- Sport: Baseball
- Conference: Northeast Conference
- Number of teams: 4
- Format: Double-elimination
- Current stadium: Heritage Financial Park
- Current location: Wappingers Falls, New York
- Played: 1993–present
- Last contest: 2025
- Current champion: Central Connecticut (9)
- Most championships: Central Connecticut (9)
- Official website: website

Host stadiums
- Heritage Financial Park (2023–present) Senator Thomas J. Dodd Memorial Stadium (2011–12, 2014–2022) First Energy Park (2002–06, 2013) TD Bank Ballpark (2010) New Britain Stadium (2007, 2009) Surf Stadium (2000–01, 2008) The Ballpark at Harbor Yard (1999) Cochrane Stadium (1998)

Host locations
- Wappingers Falls, NY (2023–) Norwich, CT (2011–12, 2014–2022) Lakewood, NJ (2002–06, 2013) Bridgewater, NJ (2010) New Britain, CT (2007, 2009) Atlantic City, NJ (2000–02, 2008) Bridgeport, CT (1999) Jersey City, NJ (1999) Sussex, NJ (1997) Ewing Township, NJ (1993–96)

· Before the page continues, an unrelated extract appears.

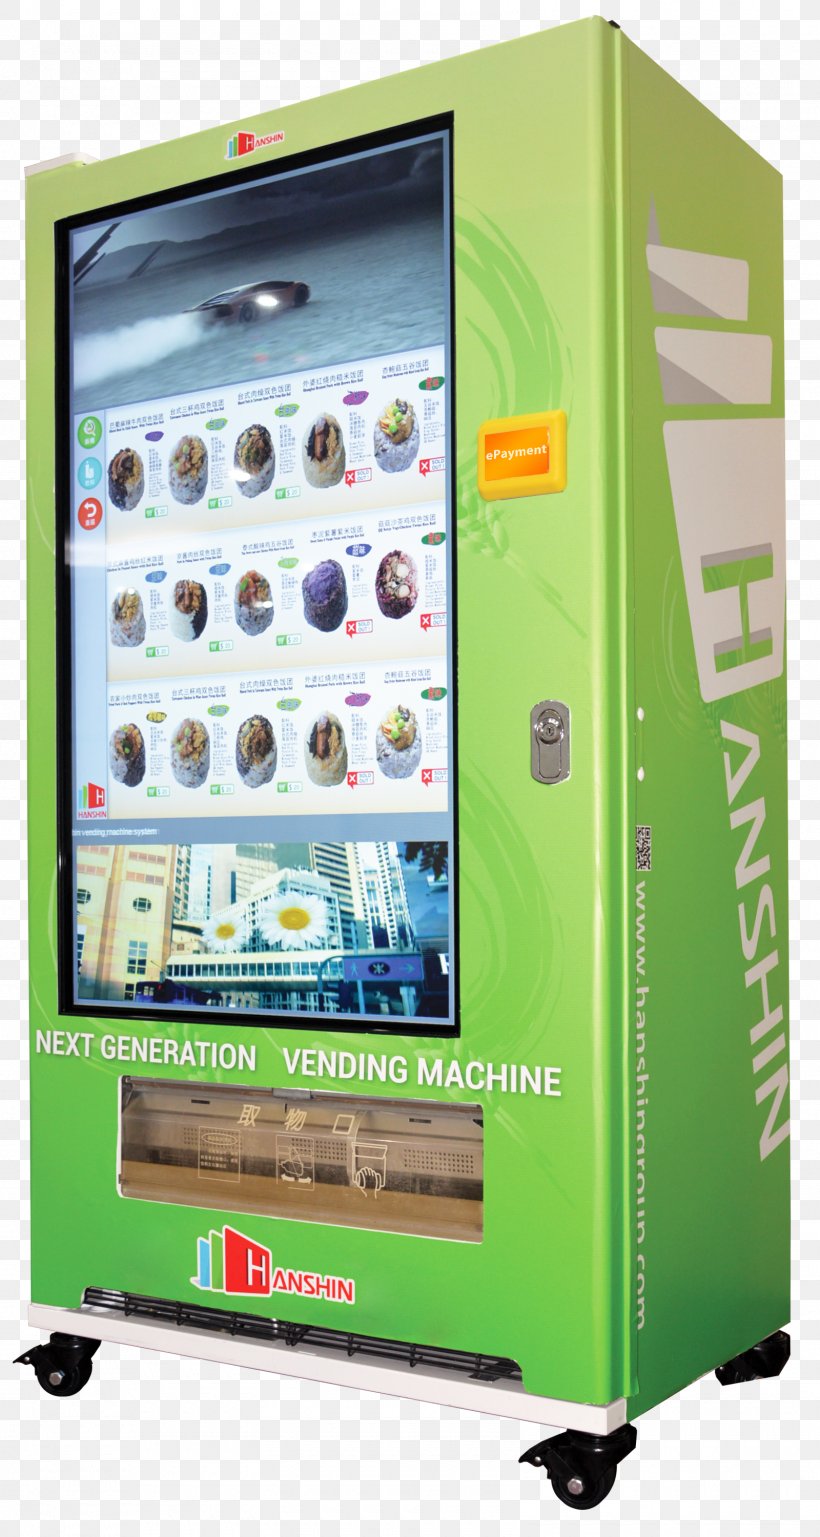 Vending Machines Refrigerator, PNG, 1600x3000px, Vending Machines, Home Appliance, Machine, Refrigerator, Vending Machine Download Free

= Northeast Conference baseball tournament =

The Northeast Conference baseball tournament is the conference baseball championship of the NCAA Division I Northeast Conference (NEC). In the current format, the top four regular-season finishers among teams eligible for postseason competition (Note: Under NEC rules established in advance of the 2022–23 academic year, NEC members that are reclassifying from Division II are eligible for NEC postseason tournaments in the third year of the four-year reclassification period, although they remain ineligible for NCAA championships until completing the process.) advance to the double-elimination tournament. The winner of the tournament, if eligible to participate, receives an automatic berth to the NCAA Division I Baseball Championship.

==Champions==
===By year===
The following is a list of conference champions and sites listed by year.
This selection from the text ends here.